XTX101 is a tumor-selective anti-CTLA-4 monoclonal antibody designed to improve upon the safety of current therapies in the same class.
Cytotoxic T-lymphocyte-associated protein 4 (CTLA-4) acts as an immune checkpoint to downregulate immune responses. CTLA-4 plays an important role in the immune system, preventing T cells from attacking healthy cells. Unfortunately, it can also prevent T cells from identifying and killing cancer cells.
Anti-CTLA-4 antibodies strengthen the immune system by promoting the function and growth of these T cells, but they have their own limitations, and that is where therapies like XTX101 are trying to make their mark.
Activated in the tumor microenvironment, XTX101 has the potential to inspire localized clinical activity without dose-limiting toxicities.
“It is well known that checkpoint inhibitors hold significant clinical potential; however, treatment with anti-CTLA-4 therapies has been limited because of challenging autoimmune toxicities. Using our geographically precise solutions (GPS) platform, we have engineered XTX101 with the goal of enhancing the desirable features of an anti-CTLA-4 antibody while limiting the known liabilities,” said Xilio chief medical officer, Marty Huber, M.D. “We look forward to beginning Phase I development to evaluate the potential that XTX101 may offer as both a monotherapy and combination agent for patients in need.”

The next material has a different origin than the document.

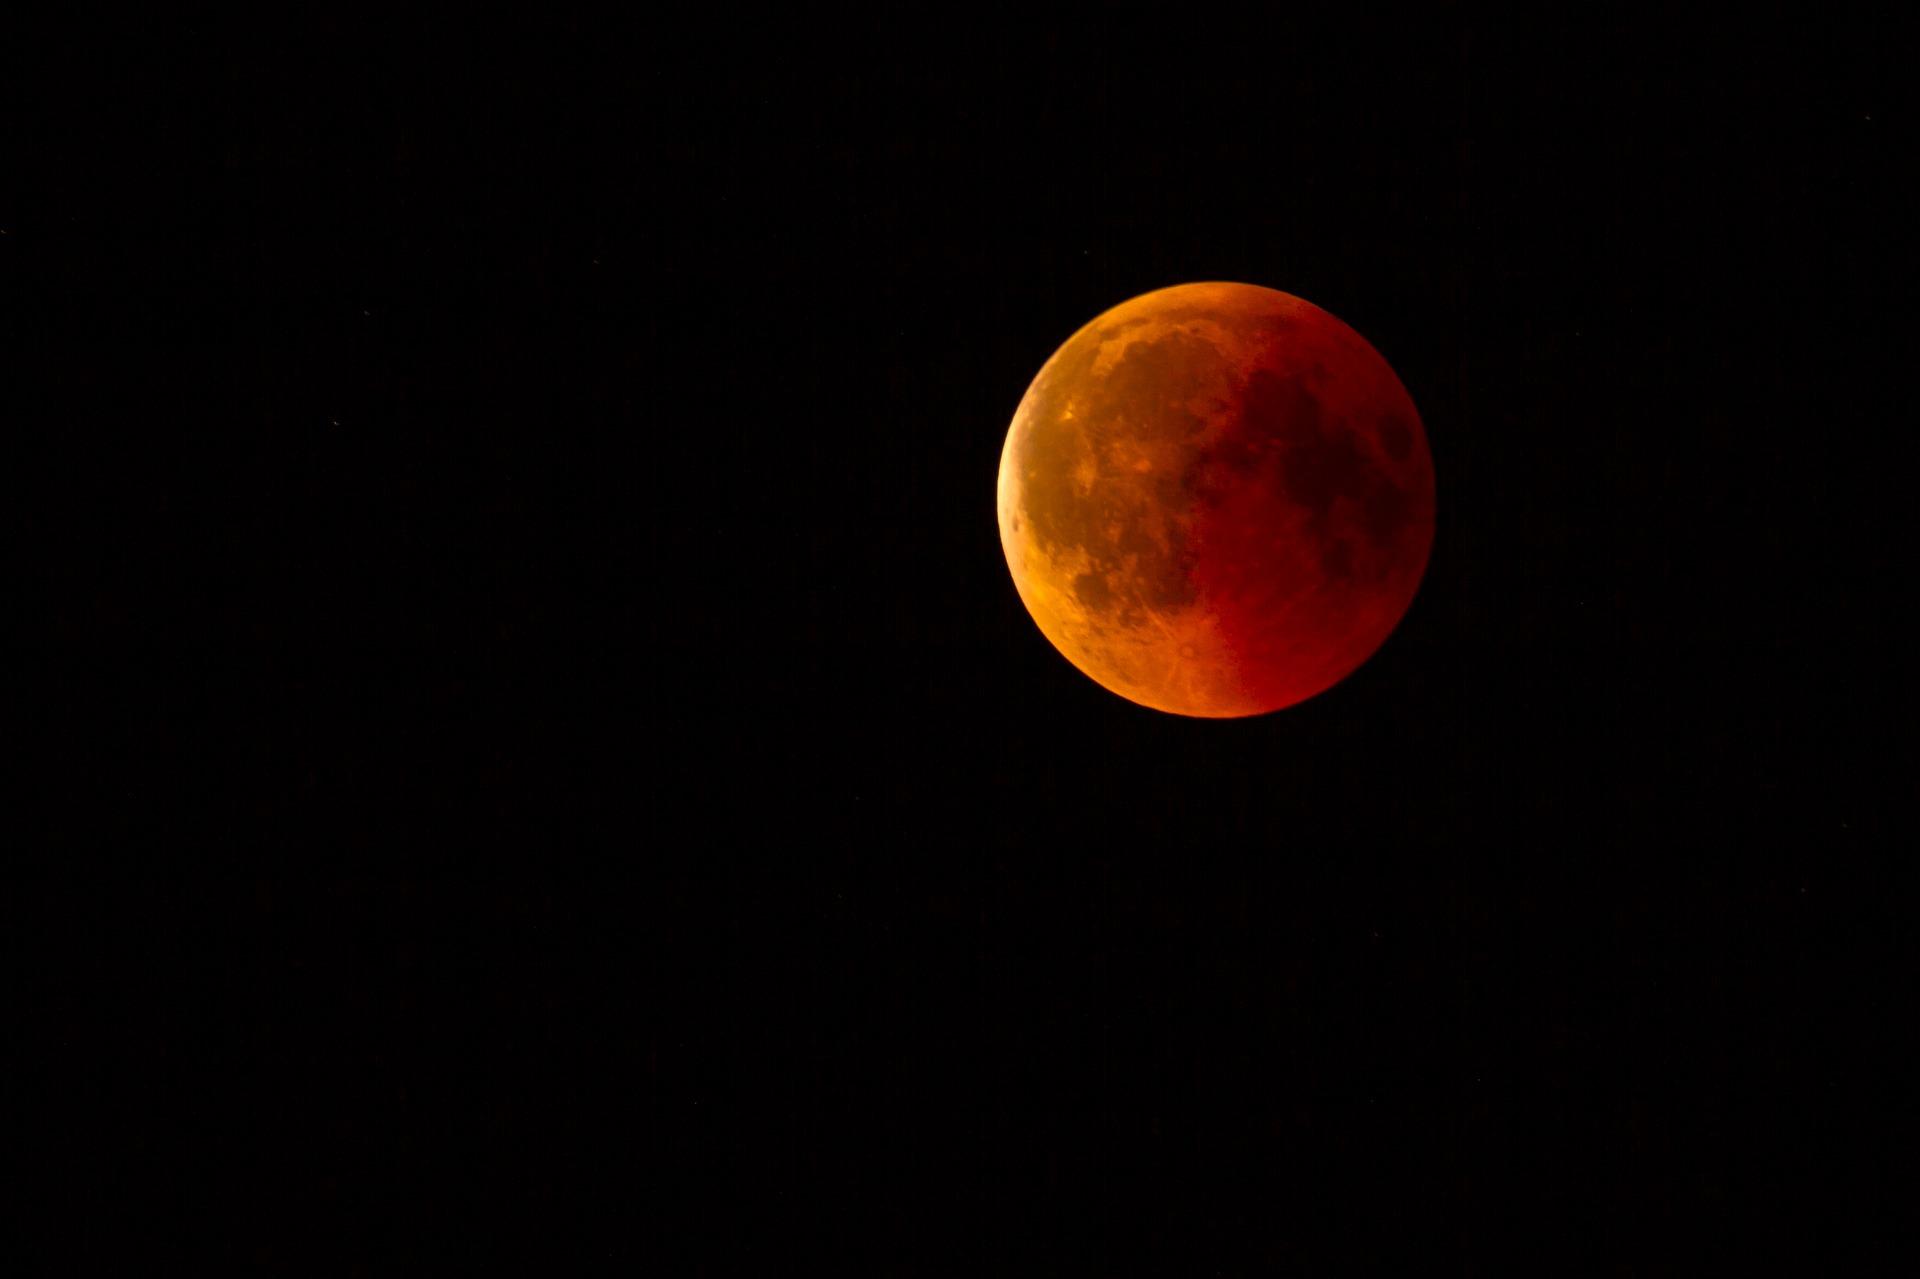 2019年7月は「部分日食」新月が与える影響とは?

With its aptly named proprietary GPS platform, Xilio is creating immunotherapies that preferentially bind their targets in tumors while minimizing activity in healthy tissues.

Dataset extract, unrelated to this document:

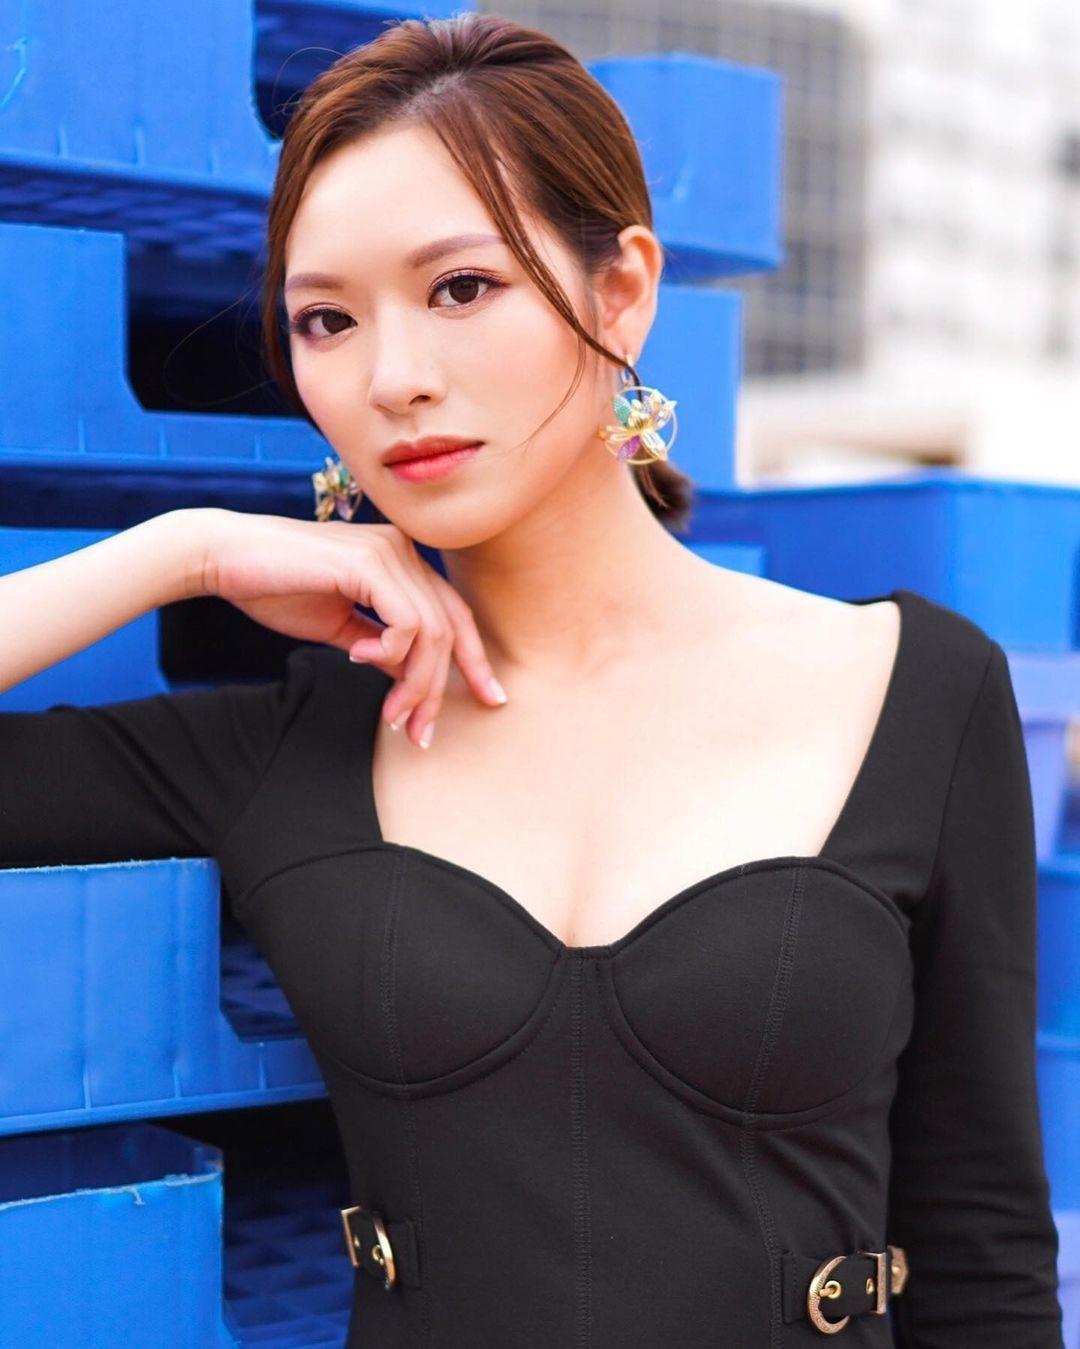 自參選香港小姐獲得冠軍出道以來,馮盈盈一直都是話題人物,

In pre-clinical studies, XTX101 demonstrated tumor-selective biological activity and robust tumor growth inhibition and resulted in complete responses in murine cancer models. The experimental therapy also showed improved tolerability compared to fellow anti-CTLA-4 monoclonal antibody, ipilimumab.
Xilio, which has three other programs in development including XTX202, a tumor-selective IL-2 agonist, is just on the cusp of taking its work to the next level.
“This first IND acceptance for Xilio represents a significant milestone for us as we transition to a clinical-stage organization,” said Huber.
The company will waste no time getting into the clinic, as it plans to initiate a Phase I trial during the second half of 2021 to study XTX101 both as a monotherapy and in combination with Merck’s blockbuster anti-PD-1 (programmed death receptor-1) drug, KEYTRUDA®, in solid tumors.
Soon after presenting data in early May that showed optimistic combination potential with an anti-PD-1 therapy, Xilio established a clinical trial collaboration with Merck to evaluate the two drugs together.
“XTX101 is designed to be tumor-selective and based on data observed in preclinical studies, we believe it could be an ideal CTLA-4-targeting candidate to combine with checkpoint inhibitors like KEYTRUDA,” Huber said at the time.
Today’s announcement caps what has been a significant first half of 2021 for Xilio, which raised $95 million in a Series C round in February. The funds will be used to advance both XTX101 and XTX202 into the clinic.